Ghanaian professional footballer

Nicholas Gyan (born 14 May 1989) is a Ghanaian footballer who plays as a midfielder or winger for Singida Fountain Gate a Tanzanian Premier League team. He previously played for Ghanaian Premier League sides Legon Cities FC and Ebusua Dwarfs. In 2017, he played 25 league matches and scored 11 goals helping Dwarfs to a 4th-place finish.

He secured a deal to Simba SC in Tanzania, where he won the Tanzanian Premier League back-to-back in the 2017–18, 2018–19 seasons. At the international level, he was a member of the Black Stars B team in 2017.

== Career ==

=== Ebusua Dwarfs ===
Gyan played for Cape coast based team Ebusua Dwarfs in 2012 to 2017. On 4 May 2016, he became the first player to score at the Cape Coast Sports Stadium when scored for his side in 1–1 draw against their fierce rivals Venomous Vipers as a part of an official opening of the stadium. He played 28 league matches and scored 6 goals during the 2016 Ghana Premier League season. He served as captain for the side in 2017. During the 2017 Ghana Premier League season, he played 25 league matches and scored 11 goals helping Dwarfs to a 4th-place finish.

=== Simba SC ===
Gyan moved to Tanzanian league giants Simba S.C. in 2017. He played for the club from 2017 to 2019. During his time with the club he won two league titles in both seasons, in 2017–18 season and 2018–19 season. He also competed for the club in the CAF Champions League and the CAF Confederation Cup. He left the club after his contract with the club expired in 2019. He was linked with a move to Black Leopards F.C., as the team showed interest in signing him after his contract with Simba expired. He later went on a trial with the club but was not offered a contract. He went further ahead for another trial with Baroka F.C.

=== Legon Cities ===
In December 2019, Gyan signed for Dormaa-based side Aduana Stars. However, his deal with the club later fell through and he joined Accra-based club Legon Cities in March 2020 on a two-year deal ahead of the 2020–21 Ghana Premier League. He made his debut for the club on 3 January 2021, playing the first 45 minutes in a 1–0 loss to Liberty Professionals via a penalty from Abraham Wayo. After playing four matches for Legon Cities, he wrote to the club to terminate his contract, stating that he was no longer happy working with the club. The club later responded that the two parties had mutually ended their contract.

=== Diamond Trust ===
In September 2021, Gyan signed for Tanzanian Division One team Diamond Trust Bank FC as part of the team's quest of gaining promotion to the Tanzanian top-flight next season.

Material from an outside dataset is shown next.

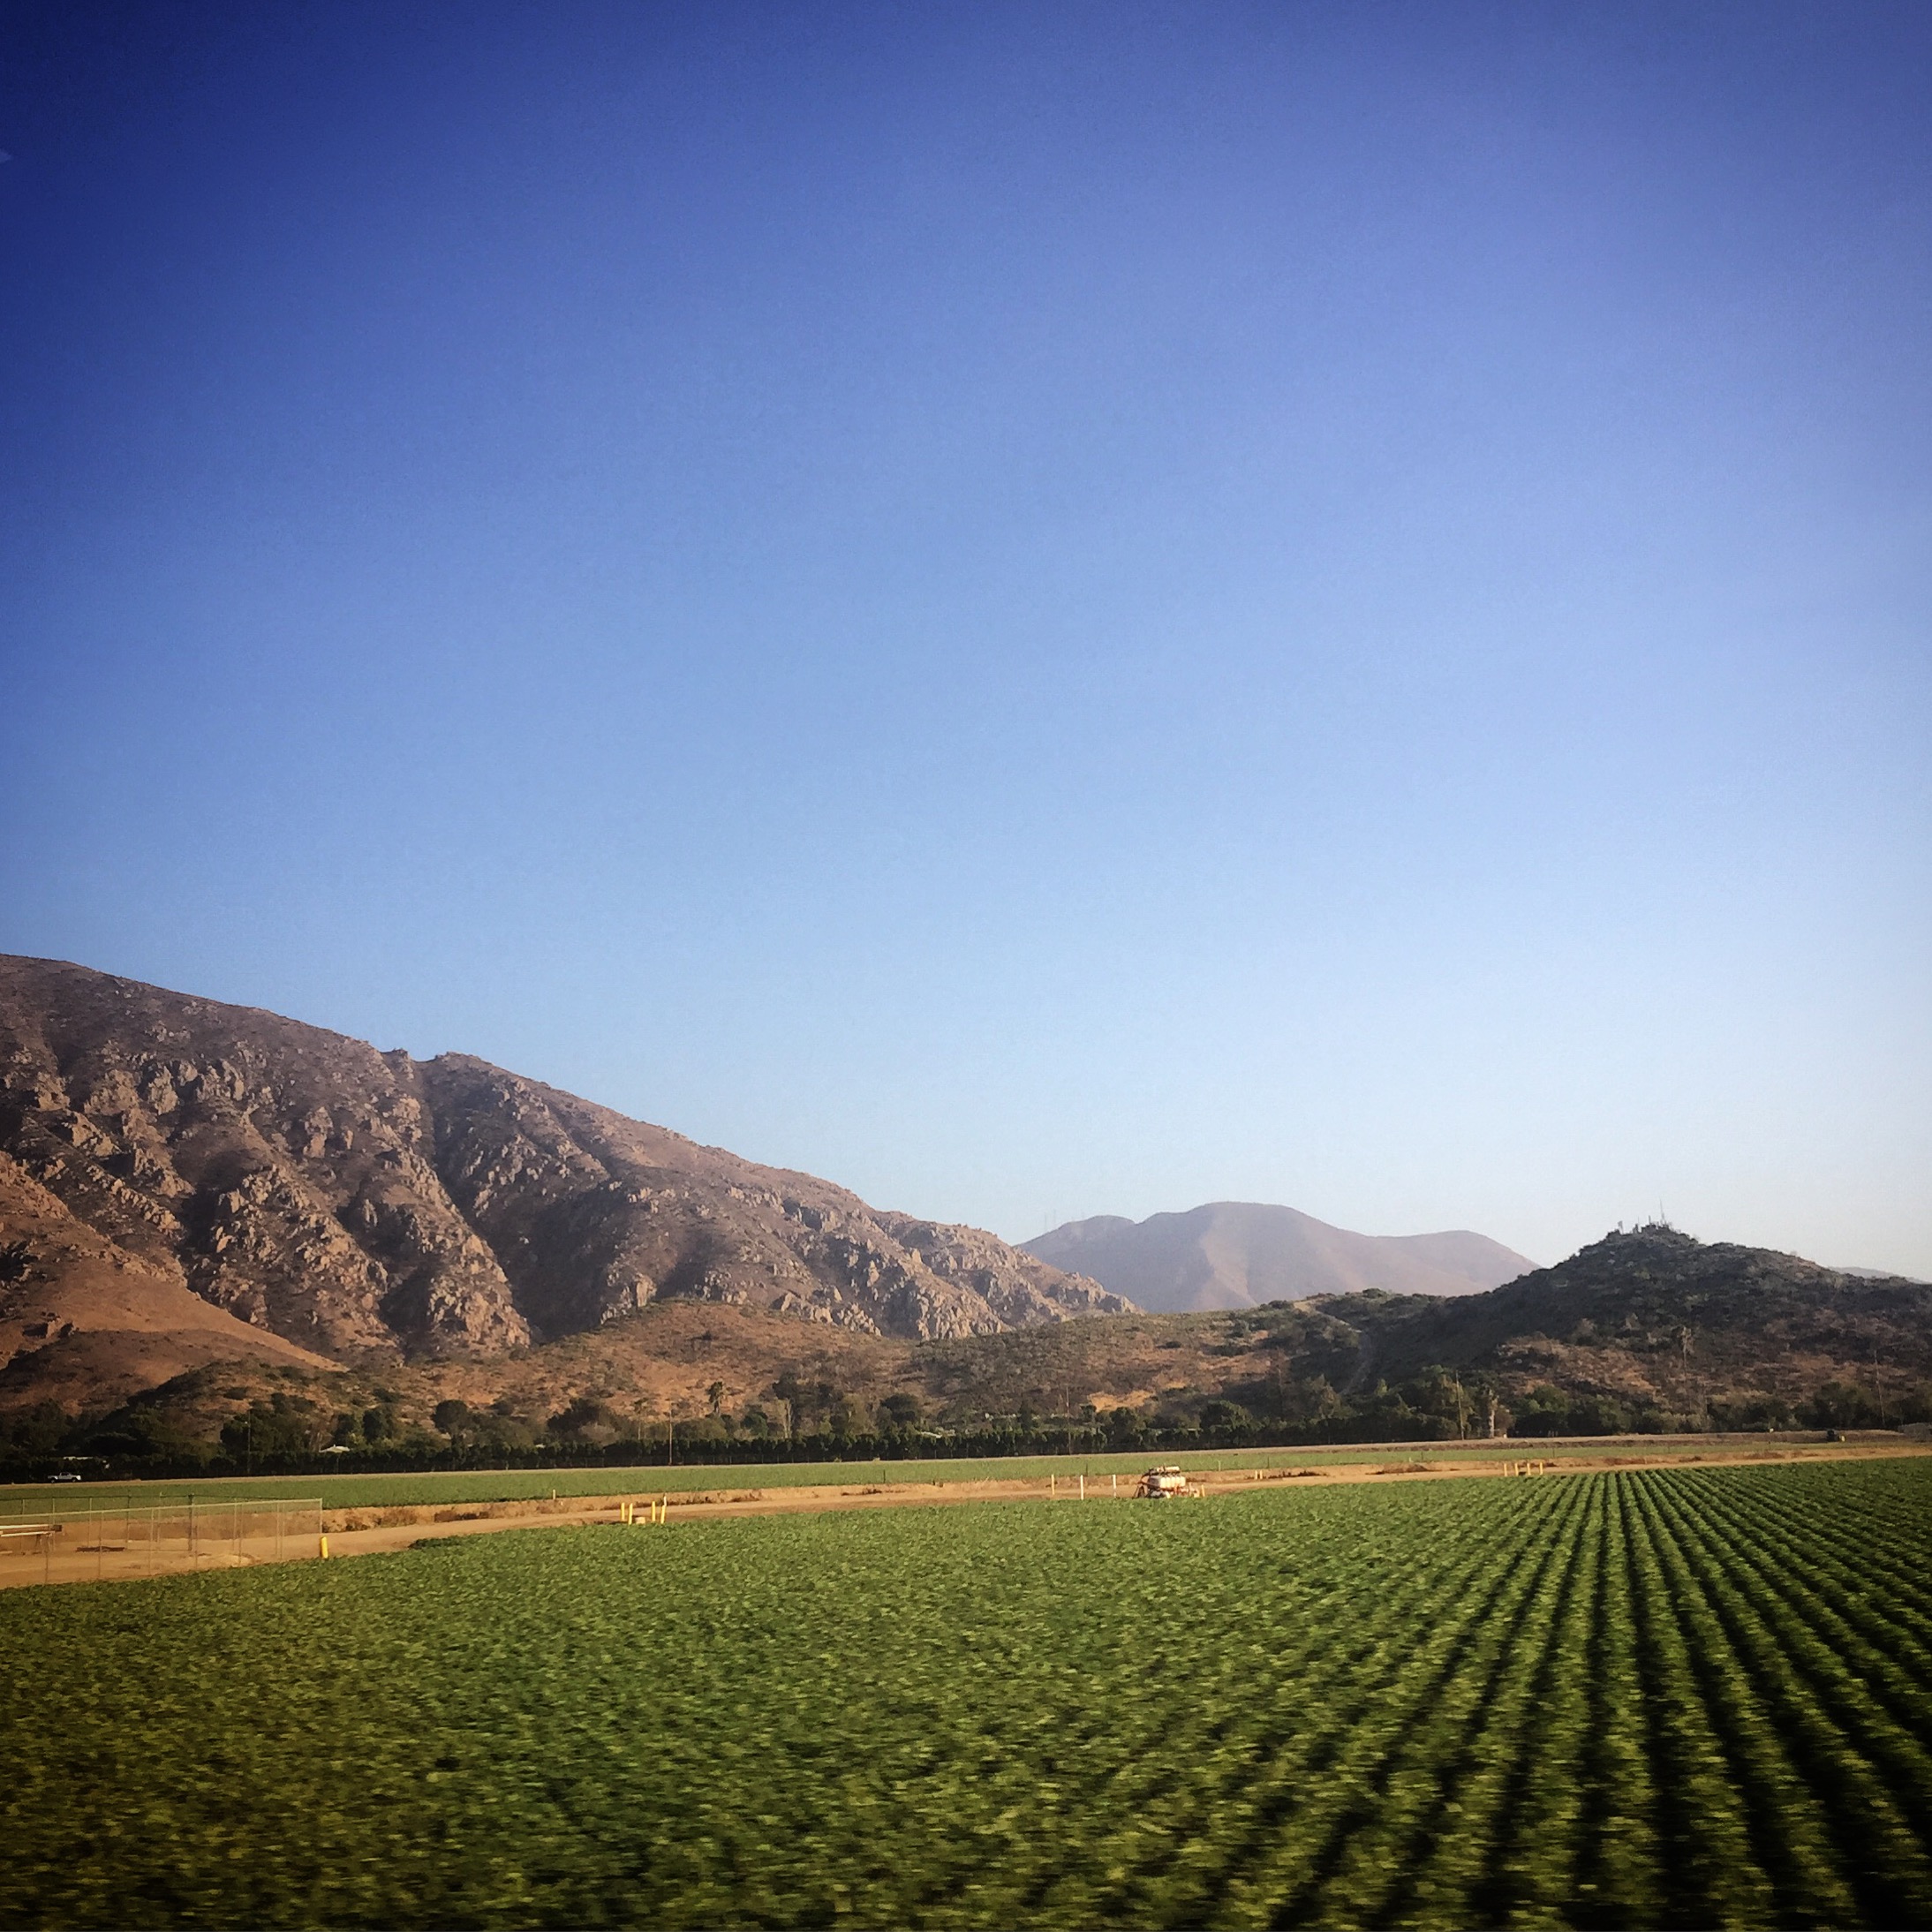 California Agriculture

== International career ==
Gyan was a member of the Black Stars B team in 2017. He was a part of the call ups for the 2018 African Nations Championship qualifiers and part of the team preparing for the qualifiers against Burkina Faso before his switch to Tanzania.

== Style of play ==
Gyan is known for his versatility and his ability to play across all positions upfront. He has played in a variety of positions: though mainly starting out as a right midfielder or winger, he has also experienced game-time as a centre forward when he played for Ebusua Dwarfs in 2017, when he scored 11 goals in 25 matches. He has also featured as a second striker with a free role behind the striker as well.

Between 2017 and 2019 when Gyan moved to Simba SC, aside from being used as a winger, he was mostly being played as defender, deployed as a right-sided full-back or wing-back.